O tédio acadêmico e as primeiras cenas
A transição para o teatro aconteceu como um refúgio da “chatura” da linguagem acadêmica. Teuda confessou: “Tava estudando ciências sociais e de saco cheio com aquela linguagem teórica… ética protestante o espírito capitalista o livro do merda meu Deus”.
Para fugir da teoria, ela começou a improvisar cenas nos corredores da faculdade. Em uma das intervenções, ela se vestiu de mendiga para atuar dentro das salas de aula: “Os professores adoravam”. Pouco depois, decidiu largar a faculdade para se dedicar integralmente à arte: “Vou sair disso aqui. Larguei a faculdade e falei: Vou fazer teatro”.
Nascimento do Grupo Galpão
O Galpão surgiu sob a influência de diretores alemães que trouxeram métodos rigorosos para Belo Horizonte. Teuda recordou que a filosofia era de exaustão: “Eles falavam que o corpo só tá pronto para criar quando ele tá exausto”.
Na primeira peça de rua do grupo, a proposta era que Teuda fosse a noiva, mas o figurino de um baú antigo impôs outra realidade: “O vestido não cabia… aí eu virei o pai da noiva botei bigode cartola”. O grupo aprendeu técnicas circenses e de rua na prática: “Começam a ensinar pra gente técnica de teatro de rua, andar de perna de pau, soprar fogo”.
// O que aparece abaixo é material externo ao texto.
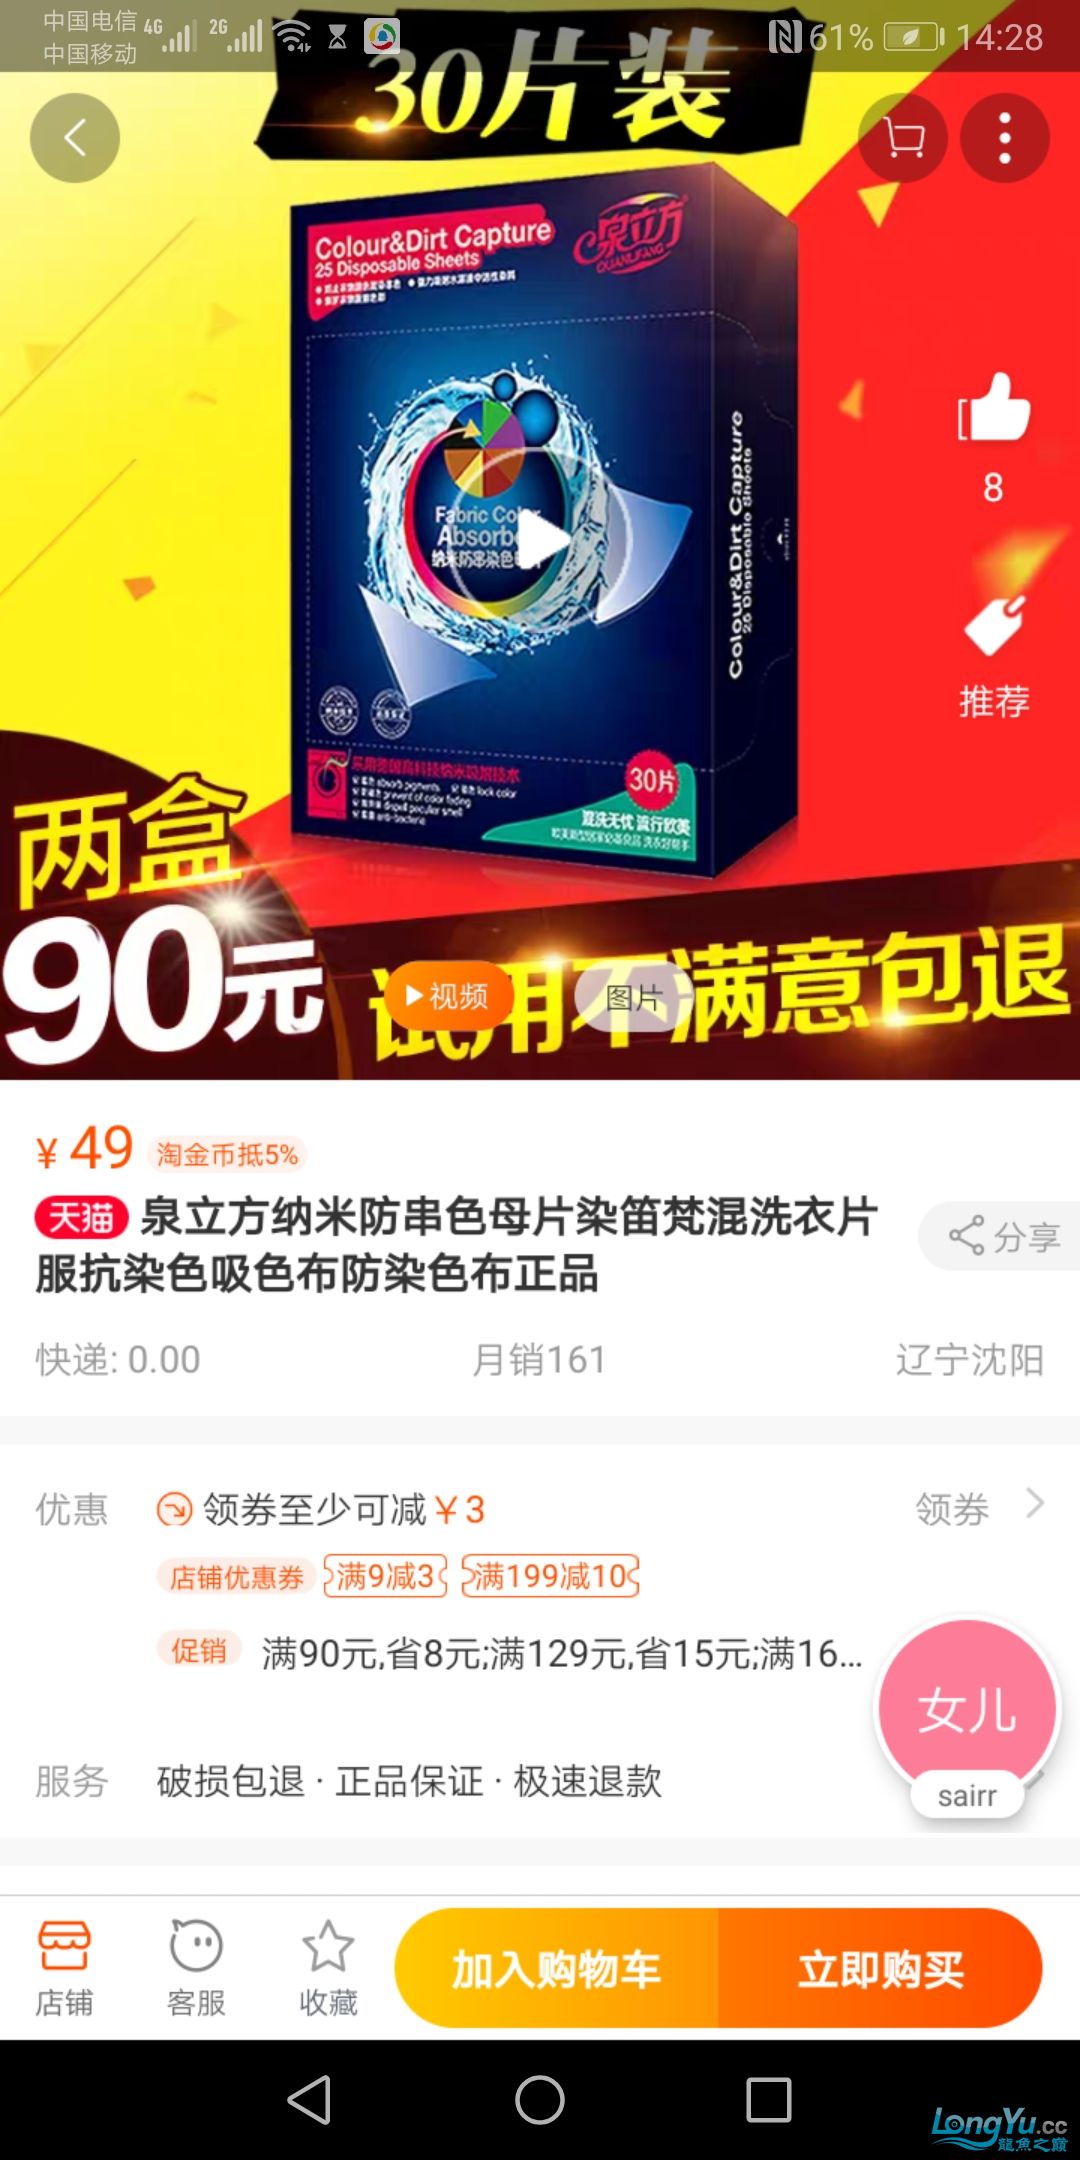 Screenshot_20190207_142828_com.taobao.taobao.jpg

Experiência no Cirque du Soleil
Após o sucesso internacional de Romeu e Julieta, onde interpretava a Ama — personagem que ela amava por se considerar uma pessoa “romântica” —, Teuda foi convidada para o Cirque du Soleil. Na audição, ela manteve sua autenticidade frente aos atletas olímpicos: “Fiz tudo que vocês pediram… aquela uma estrela muito da safada mas é o que eu dou conta”.
Durante dois anos e meio em Las Vegas, ela enfrentou o medo das alturas: “Eu tive [medo], mas eu tinha que vencer esse medo”. Ela subia a sete metros de altura carregando dois peixes cenográficos, presa por um cabo fino: “Subia por um cordão que era da grossura de um cadarço… mas era de aço”.
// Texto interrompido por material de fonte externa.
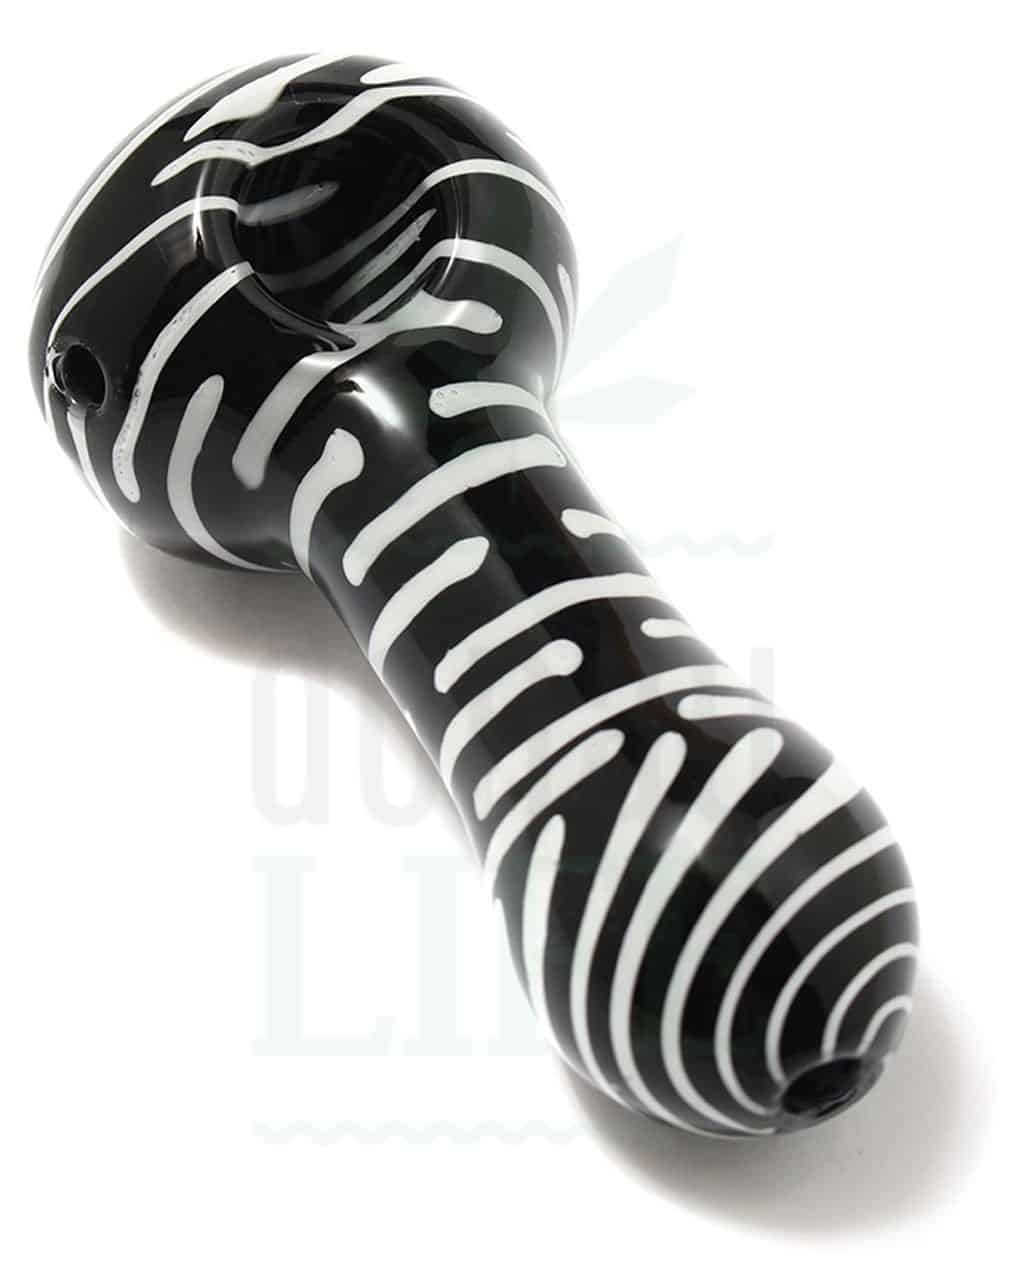 Glaspfeifen Black Leaf “Little Zebra” Spoon Pipe

Visão sobre envelhecimento e sociedade
Teuda sempre foi uma voz ativa contra padrões estéticos e a favor da liberdade. Sobre procedimentos de beleza, foi enfática: “Não quero não… minhas cicatrizes são minhas e eu quero ter minhas rugas”. Ela criticava duramente a chamada harmonização facial: “Desarmonização facial, isso não é harmonização… aquilo vai nem que me pagar caro”.
Sobre o envelhecimento e a acessibilidade, ela relatou as dificuldades de mobilidade que enfrentava: “Se eu subir uma escada… eu tenho que subir da cadeira de roda três quatro pessoas para subir a escadaria comigo porque não tem elevador”. Por vezes, confessou sentir-se um fardo pela falta de estrutura urbana: “A gente fica parecendo um peso pra sociedade… eu tô me sentindo um peso”.
Política e o ‘Coffee Shop da Savassi’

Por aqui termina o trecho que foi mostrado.